> **HOW TO COMPLETE THIS TASK**
Of the records that follow, copy only the lines from the line containing "Kits de Skincare" to the line containing "L'œuvre d'art mesure 24 x", both included, exactly as written.

> **DATA LISTING**
· · ·

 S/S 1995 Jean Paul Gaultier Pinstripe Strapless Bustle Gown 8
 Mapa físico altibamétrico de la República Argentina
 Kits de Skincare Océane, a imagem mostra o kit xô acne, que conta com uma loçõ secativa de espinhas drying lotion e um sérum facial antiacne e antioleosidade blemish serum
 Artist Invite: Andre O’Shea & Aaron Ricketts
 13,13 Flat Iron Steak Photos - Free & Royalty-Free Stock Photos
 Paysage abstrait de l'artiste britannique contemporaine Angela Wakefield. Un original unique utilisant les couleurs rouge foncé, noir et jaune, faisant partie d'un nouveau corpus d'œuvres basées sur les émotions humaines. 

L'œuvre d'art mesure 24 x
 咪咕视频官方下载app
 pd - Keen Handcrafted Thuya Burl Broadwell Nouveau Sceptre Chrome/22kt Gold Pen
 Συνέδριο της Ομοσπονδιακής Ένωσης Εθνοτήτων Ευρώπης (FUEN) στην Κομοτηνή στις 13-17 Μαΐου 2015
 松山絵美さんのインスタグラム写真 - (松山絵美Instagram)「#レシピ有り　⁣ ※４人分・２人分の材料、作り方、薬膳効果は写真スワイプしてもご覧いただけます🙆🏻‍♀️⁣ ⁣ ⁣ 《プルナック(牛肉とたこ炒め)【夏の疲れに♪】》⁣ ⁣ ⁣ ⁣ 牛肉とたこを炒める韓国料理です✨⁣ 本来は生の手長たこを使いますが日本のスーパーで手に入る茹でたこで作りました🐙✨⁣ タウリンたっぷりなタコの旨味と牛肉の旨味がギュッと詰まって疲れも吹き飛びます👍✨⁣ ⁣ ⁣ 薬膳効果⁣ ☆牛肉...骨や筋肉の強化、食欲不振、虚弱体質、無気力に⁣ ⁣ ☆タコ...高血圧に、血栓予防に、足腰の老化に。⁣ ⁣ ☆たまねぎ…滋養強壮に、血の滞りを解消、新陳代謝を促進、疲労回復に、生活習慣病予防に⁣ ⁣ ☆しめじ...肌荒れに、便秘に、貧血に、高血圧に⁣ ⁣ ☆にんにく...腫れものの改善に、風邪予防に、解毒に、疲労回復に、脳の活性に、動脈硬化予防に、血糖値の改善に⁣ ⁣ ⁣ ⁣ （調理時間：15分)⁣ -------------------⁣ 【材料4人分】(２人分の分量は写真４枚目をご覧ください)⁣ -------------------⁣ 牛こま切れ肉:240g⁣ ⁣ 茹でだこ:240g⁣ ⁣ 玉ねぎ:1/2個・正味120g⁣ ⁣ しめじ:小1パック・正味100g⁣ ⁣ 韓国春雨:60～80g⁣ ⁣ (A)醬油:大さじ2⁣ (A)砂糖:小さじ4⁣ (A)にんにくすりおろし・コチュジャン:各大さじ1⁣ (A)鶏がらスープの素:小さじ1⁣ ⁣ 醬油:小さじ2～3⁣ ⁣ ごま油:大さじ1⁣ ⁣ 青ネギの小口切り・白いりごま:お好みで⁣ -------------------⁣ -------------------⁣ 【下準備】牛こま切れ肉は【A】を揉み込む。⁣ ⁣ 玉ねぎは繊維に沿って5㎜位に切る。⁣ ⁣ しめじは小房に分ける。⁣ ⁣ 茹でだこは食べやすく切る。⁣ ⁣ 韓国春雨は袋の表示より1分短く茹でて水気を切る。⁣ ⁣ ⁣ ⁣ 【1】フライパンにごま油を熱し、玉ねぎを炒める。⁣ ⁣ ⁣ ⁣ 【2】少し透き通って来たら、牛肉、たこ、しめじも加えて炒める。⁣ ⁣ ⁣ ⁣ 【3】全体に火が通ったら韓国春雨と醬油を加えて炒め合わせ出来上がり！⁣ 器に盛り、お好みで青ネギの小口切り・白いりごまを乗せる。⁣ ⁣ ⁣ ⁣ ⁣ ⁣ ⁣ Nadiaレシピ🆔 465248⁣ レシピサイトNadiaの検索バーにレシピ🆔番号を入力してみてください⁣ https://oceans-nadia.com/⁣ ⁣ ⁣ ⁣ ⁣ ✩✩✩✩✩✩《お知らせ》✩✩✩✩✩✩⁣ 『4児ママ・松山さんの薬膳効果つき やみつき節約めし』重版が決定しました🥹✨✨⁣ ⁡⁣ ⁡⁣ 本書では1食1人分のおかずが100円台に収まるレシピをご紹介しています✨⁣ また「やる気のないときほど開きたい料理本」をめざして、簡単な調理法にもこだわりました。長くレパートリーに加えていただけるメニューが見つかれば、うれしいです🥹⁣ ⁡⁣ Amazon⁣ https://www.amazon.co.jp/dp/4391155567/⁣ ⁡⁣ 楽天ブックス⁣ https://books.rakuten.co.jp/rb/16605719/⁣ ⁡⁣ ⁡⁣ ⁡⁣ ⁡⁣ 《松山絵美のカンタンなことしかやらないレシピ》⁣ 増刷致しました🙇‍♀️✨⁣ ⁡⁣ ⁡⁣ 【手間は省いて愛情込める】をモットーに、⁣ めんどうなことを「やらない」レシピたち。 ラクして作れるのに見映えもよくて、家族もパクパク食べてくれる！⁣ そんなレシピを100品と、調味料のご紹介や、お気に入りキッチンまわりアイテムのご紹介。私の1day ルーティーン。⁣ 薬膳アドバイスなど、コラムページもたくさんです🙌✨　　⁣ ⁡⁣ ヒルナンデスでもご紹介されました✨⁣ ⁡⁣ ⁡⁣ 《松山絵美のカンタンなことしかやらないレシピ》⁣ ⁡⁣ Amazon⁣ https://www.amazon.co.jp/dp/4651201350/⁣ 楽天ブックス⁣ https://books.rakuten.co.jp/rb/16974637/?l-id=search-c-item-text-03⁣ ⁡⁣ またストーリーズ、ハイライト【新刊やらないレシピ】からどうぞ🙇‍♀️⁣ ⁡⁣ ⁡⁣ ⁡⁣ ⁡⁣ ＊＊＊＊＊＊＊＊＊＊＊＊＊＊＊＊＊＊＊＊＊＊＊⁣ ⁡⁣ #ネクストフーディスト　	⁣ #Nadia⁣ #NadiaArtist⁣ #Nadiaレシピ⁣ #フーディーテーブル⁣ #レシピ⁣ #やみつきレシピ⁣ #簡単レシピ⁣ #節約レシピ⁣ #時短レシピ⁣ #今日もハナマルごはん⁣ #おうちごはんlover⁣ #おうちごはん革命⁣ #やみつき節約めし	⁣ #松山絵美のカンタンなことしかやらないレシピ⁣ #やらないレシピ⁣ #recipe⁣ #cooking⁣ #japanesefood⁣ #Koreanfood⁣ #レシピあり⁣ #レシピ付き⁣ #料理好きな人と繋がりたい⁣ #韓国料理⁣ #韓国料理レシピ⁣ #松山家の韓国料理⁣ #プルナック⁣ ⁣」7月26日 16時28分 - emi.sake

· · ·

> **WRITTEN SOLUTION**
 Kits de Skincare Océane, a imagem mostra o kit xô acne, que conta com uma loçõ secativa de espinhas drying lotion e um sérum facial antiacne e antioleosidade blemish serum
 Artist Invite: Andre O’Shea & Aaron Ricketts
 13,13 Flat Iron Steak Photos - Free & Royalty-Free Stock Photos
 Paysage abstrait de l'artiste britannique contemporaine Angela Wakefield. Un original unique utilisant les couleurs rouge foncé, noir et jaune, faisant partie d'un nouveau corpus d'œuvres basées sur les émotions humaines. 

L'œuvre d'art mesure 24 x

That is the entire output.